Task objective -
Only the lines of the listing below that run from the line with "Floorplan for Cottage Mews, Ormskirk" through the line with "Hi Mountain German" are to be set down, word for word. Pictures stay out.

The data -
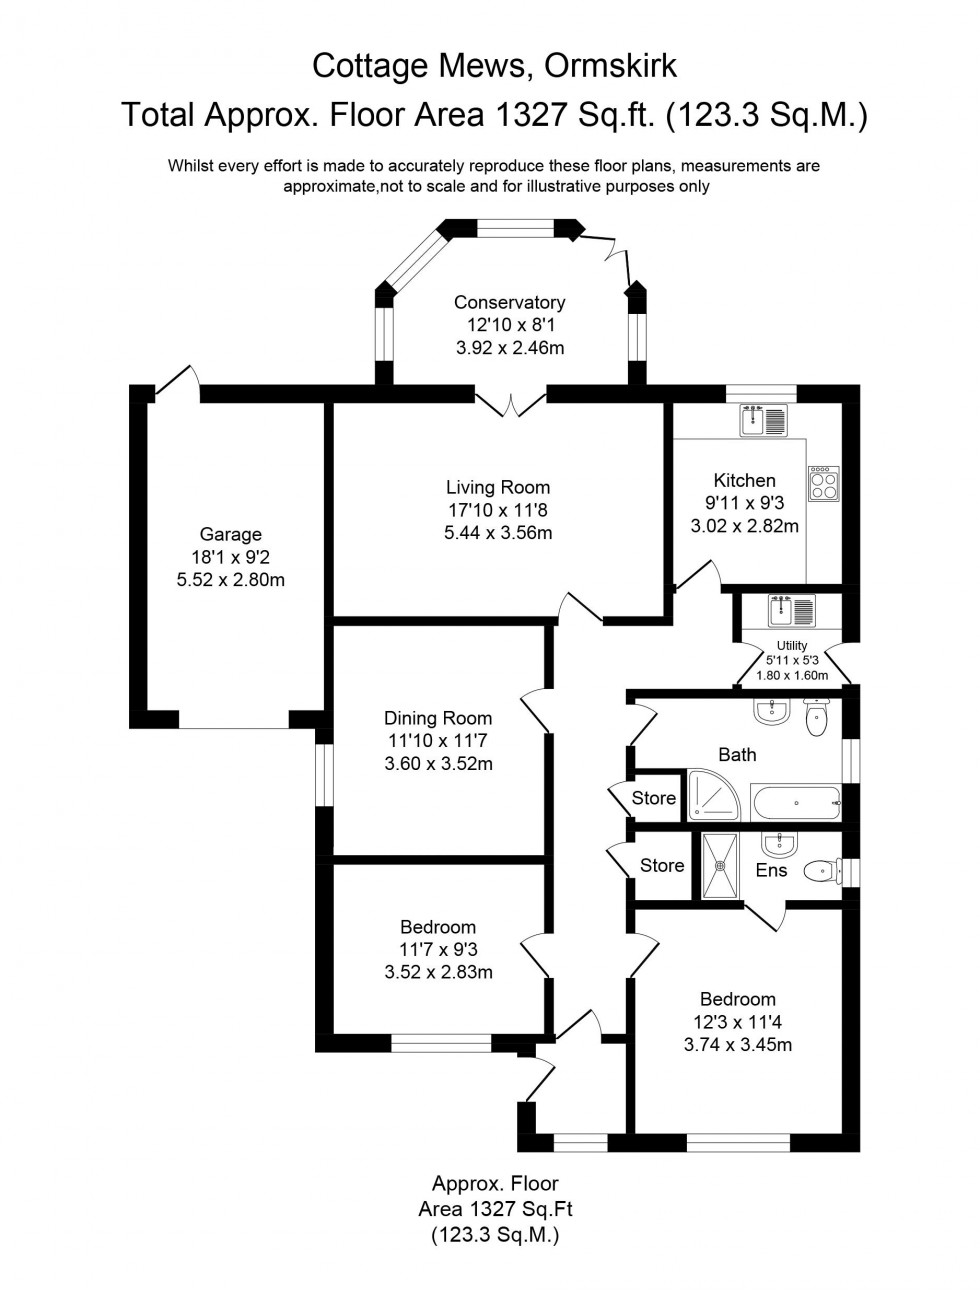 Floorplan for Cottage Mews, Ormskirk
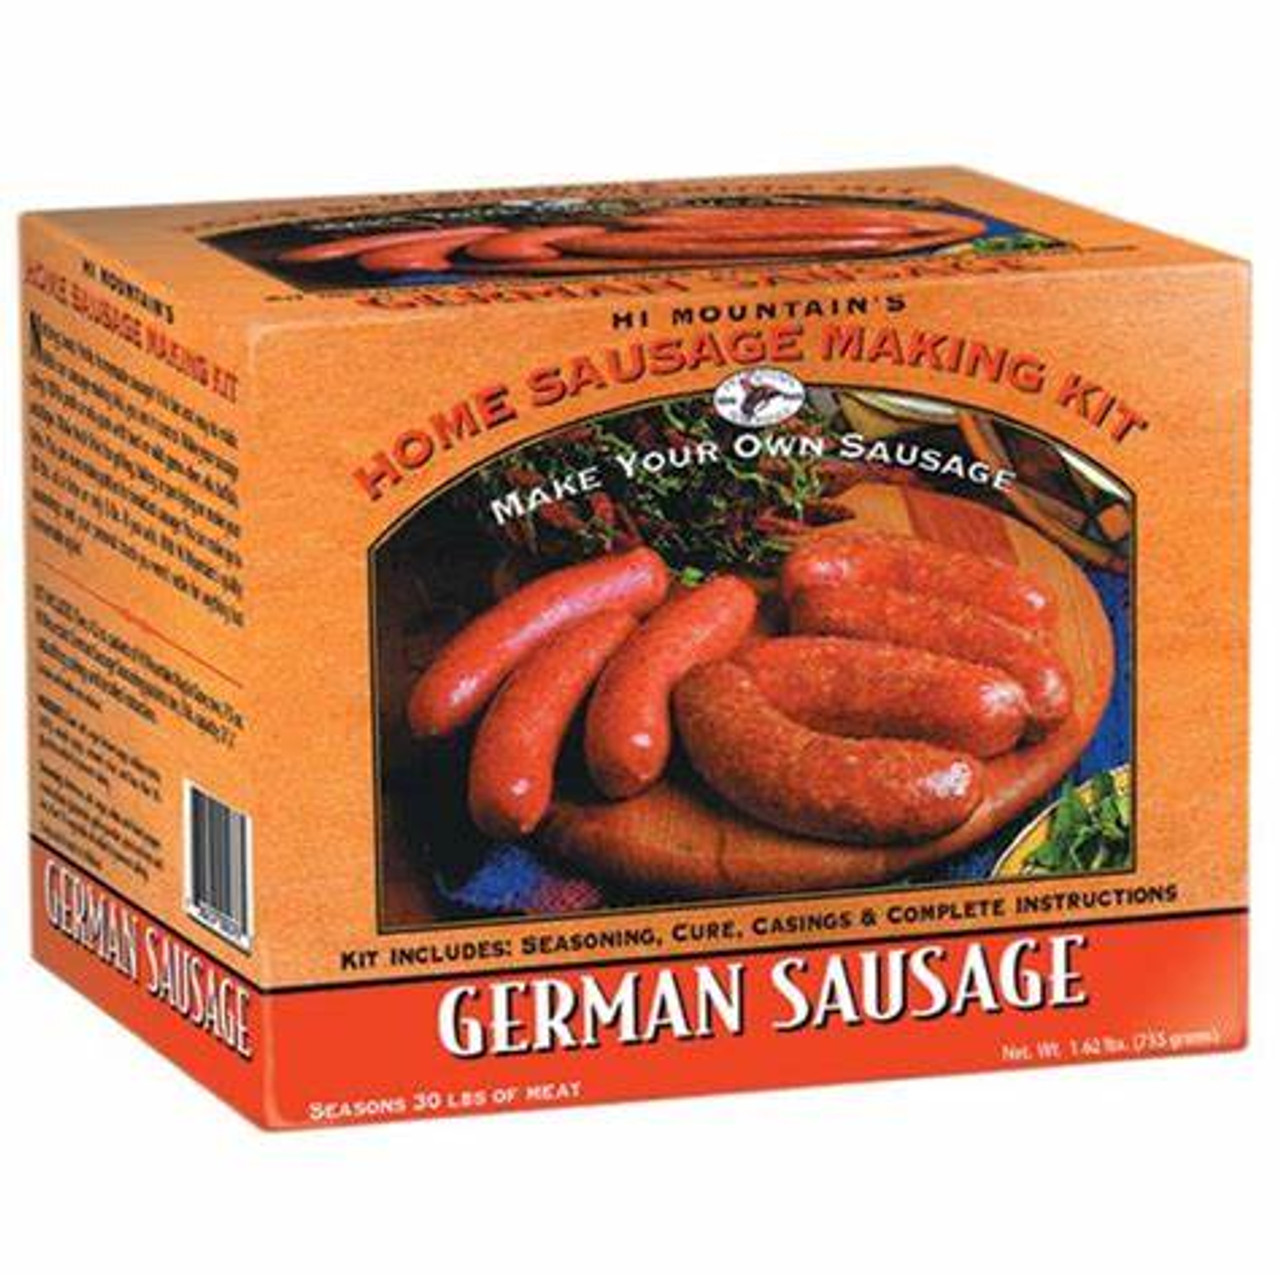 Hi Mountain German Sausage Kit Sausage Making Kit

==

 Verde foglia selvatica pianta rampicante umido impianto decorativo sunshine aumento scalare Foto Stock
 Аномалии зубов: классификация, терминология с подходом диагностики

Solution to this task -
 Floorplan for Cottage Mews, Ormskirk
 Hi Mountain German Sausage Kit Sausage Making Kit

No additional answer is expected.